Let's have a thought experiment. You would rather call
  1. void CalculateCurrency(object[] currencies), or
  2. void CalculateCurrency(string[] currencies)
I bet most of us would like to call 2, because we want to know the types so that we can make less mistakes in our coding, and if we do, we can detect the typing errors during compile time.

But a dynamic typing language will not offer you this option. You will always have to work with unknown types. You don't know you are using the wrong types until you run your program and get a runtime error. In this sense, dynamic typing actually increases the complexity because of
  1. No runtime checks
  2. Maintaining code without typing information is harder.
  3. Primitive IDE intellisense and refactoring tools.
Since the typing error is very real, the dynamic typing proponents are forced to resort to
  1. Have a set of unit tests just to test the returned variable types
  2. Adopt a sort of notation when comes to variable naming. For example, prefix the type in front of a variable name(Hungarian notation)
  3. Document extensively every variables types so as not to create confusion
Or else how can they claim that "dynamic languages are better"?. But none of these completely solve the error typing problem; they can only reduce it to a certain extent. And-- this is important-- all of them come at the expense of other things. Let's examine them one by one:
  1. If you use unit tests to validate types, then you are writing extra test code. Test code needs to be maintained, just like your production code. So in a sense this technique does not reduce the codebase at all, in fact, it increases it.
  2. If you want to specify the type information in your variable's name, then your variables will have very long names and this makes your code harder to read too. Sure, you can reduce the binary size of your apps during installation time, but your program, written in high level language and which size is measured by the row program files size will not necessarily decrease.
  3. Extensive documentation for every variable? Are you kidding? Programmers don't read or maintain documentation!
To address the problem of big codebase, one should refactor, reuse and refocus. Refactor the code to make it more readable, reuse as much software components as possible and refocus on implement the essential features the customer's really want. Skipping the type declaration in an attempt to make the codebase smaller just won't cut it.

Strong Typing vs Strong Testing?
Bruce Eckel concluded his excellent post Strong Typing vs. Strong Testing by saying that having compiler checks for typing constraint is not sufficient to guarantee a bug-free program. We need strong testing, not strong typing.

I agree.

But these two are not mutually exclusive. You can have strong testing when you have strong typing. The point is with strong typing, you transfer the type validation task from your test code to compilers. This results in lesser code being written.

Eckel mentioned that
And if a Python program has adequate unit tests, it can be as robust as a C++, Java or C# program with adequate unit tests (although the tests in Python will be faster to write).
There is a big if.

Although unit test is good, but there are things that cannot be, or are very hard to be unit tested, such as UI code or data layer code (For the automated testing of UI code, you may need to use GUI test tools, but even that is difficult). Static typing languages at least enforce some checks on the programming code by examining the types during compile time, but dynamic typing languages are powerless to enforce any checks.

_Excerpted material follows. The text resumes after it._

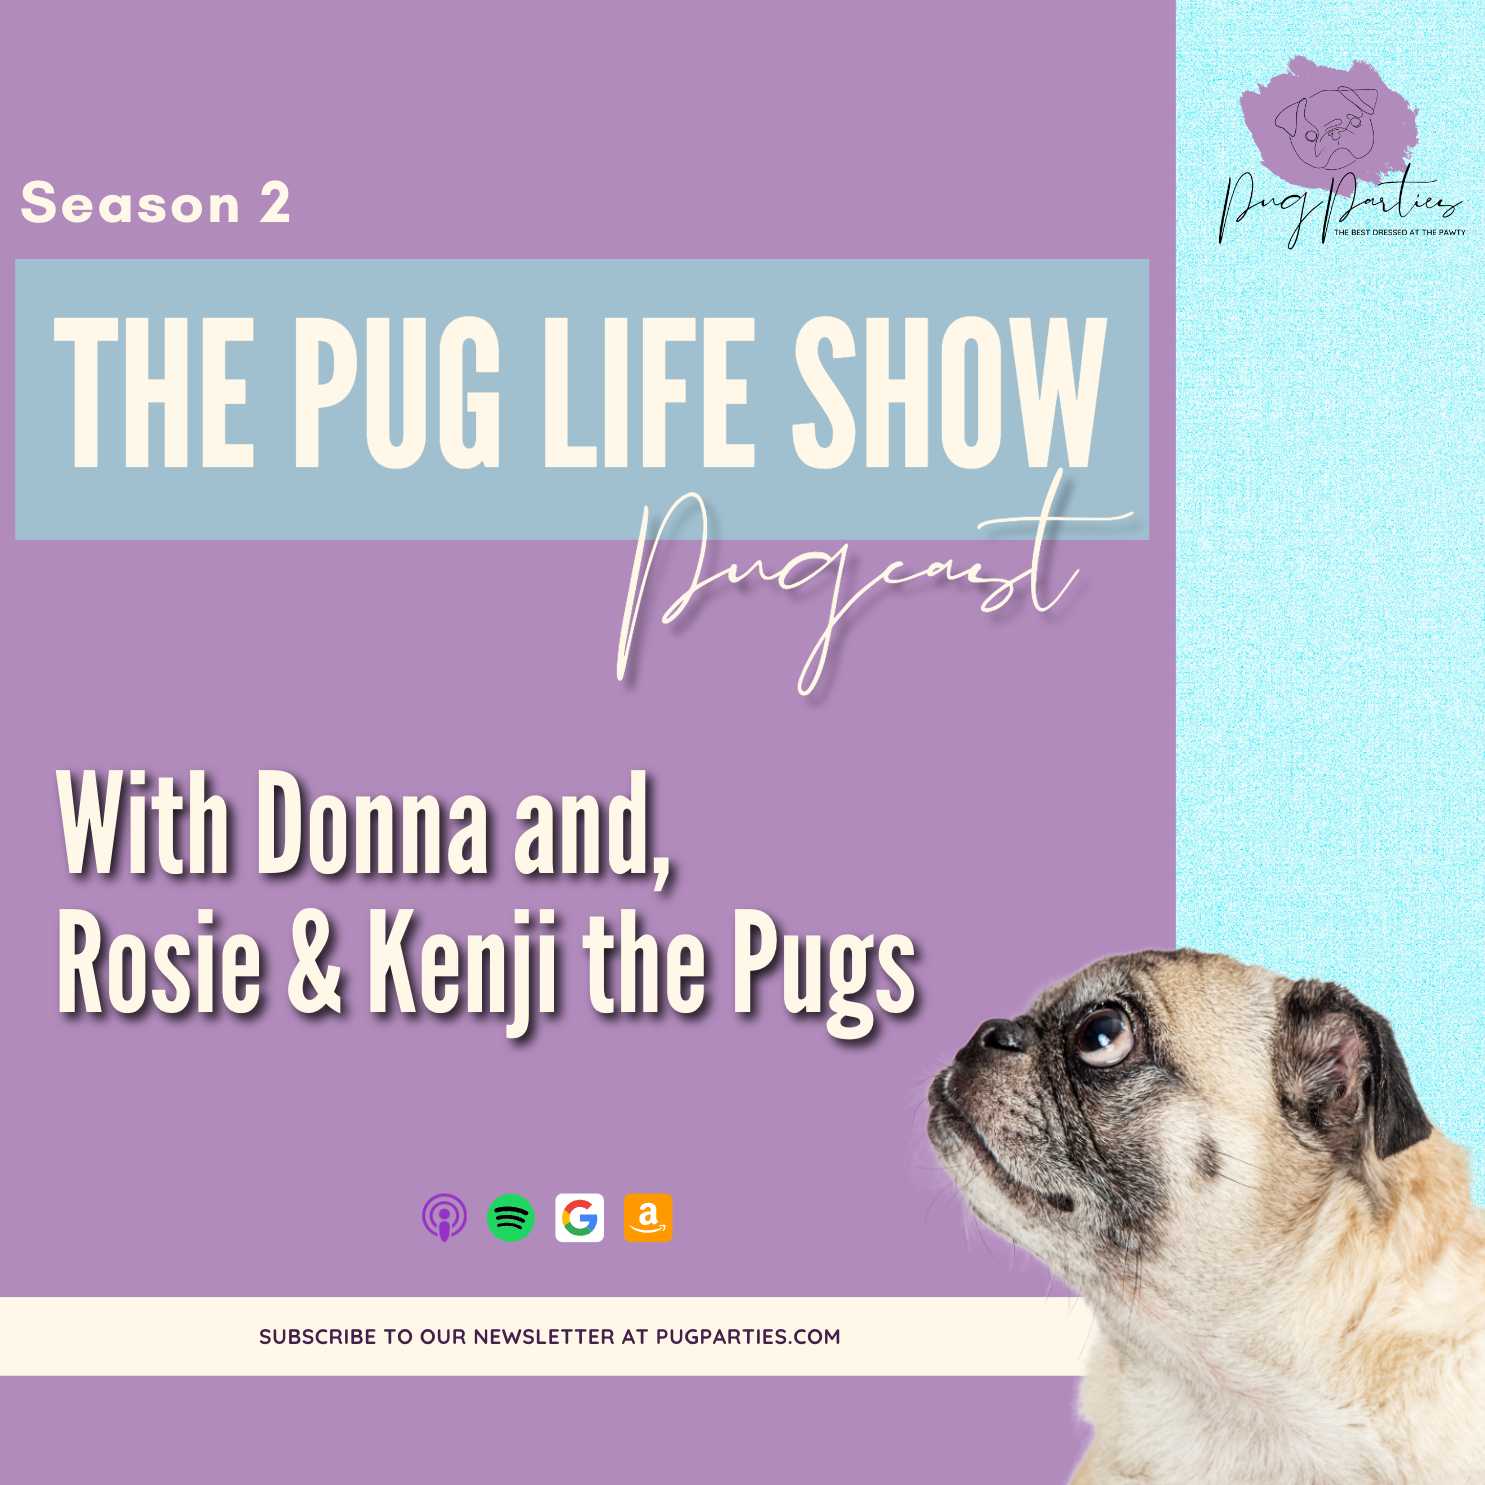 The Pug Life Show

In this regard, rejecting static typing language because it's not sufficient to solve all the software development problems does not seem like a good idea.

Follow-up post: Dynamic Typing Reduces Code Complexity? A Reply

11 comments:

Simon said...

Hmm. It seems you missed the point entirely.

The whole idea is that without static typing, you don't CARE what type something is. It doesn't matter if it's an 'object' or a 'string' or anything else, if it implements an interface that is compatible with what the programmer intended, it works with no modifications. And the programmer doesn't even have to define said interface.

The errors will arise when trying to use a method on an object that doesn't support it.

There's no reason to test the return values of things, because you're simply not interested. If a method returns something that is useless, an error will pop up anyway, but in the case where it returns something that is in fact useful, but the original programmer didn't take into account, things will work out seamlessly.

It can be difficult to debug if the error occurs on a value in the call stack far from where it was returned, but then again it rarely even happens, and the added flexibility is definitely worth it.

Soon Hui said...

Simon, thank you for your comment.

As you said, dynamic typing will generate an error when one uses a method on an object that doesn't support it.

But for programmers, they need to fix these errors. Since the compilers won't do the job for them, they would have to create unit tests, or extensive document their methods parameter to let they themselves know how to use the methods.

And this is the point of my post: creating unit tests and extensive documentation or whatever do not help to reduce the code complexity at all.

noblemaster said...

@soon: Great article!

@simon: Your argument actually supports soon's case. Errors will occur because you call methods that do not exist in an object. There is no way to tell you because of dynamic typing.

And as far as testing goes: statically typed languages do not require you to test for the correct type. Testing occurs at a much higher level. You basically evade all the low-level type checks in statically typed languages.

Todd Werth said...

I think you're confusing a few things about dynamic languages, which is common for people who come from a static language background. I was similarly confused when I came to dynamic languages from c++ and Java.

First, dynamic languages don't make programs smaller just because you don't have to place the type before the variable. You can achieve that in statically typed languages with type inference. Dynamic typed languages allow you to basically have automatic generics and interfaces. This is where the true savings comes it.

It's similar to generics in Java/c#; you have no idea what type will be used at runtime, but you can still implement your features and as long as the runtime object implements the interface, it will work. Dynamic languages, basically, automatically implement that interface for you.

Once again, you just don't care about the type. You care what an object can DO, not what an object IS. You may check if an object implements a certain method (message) but you would never check or verify an object's type.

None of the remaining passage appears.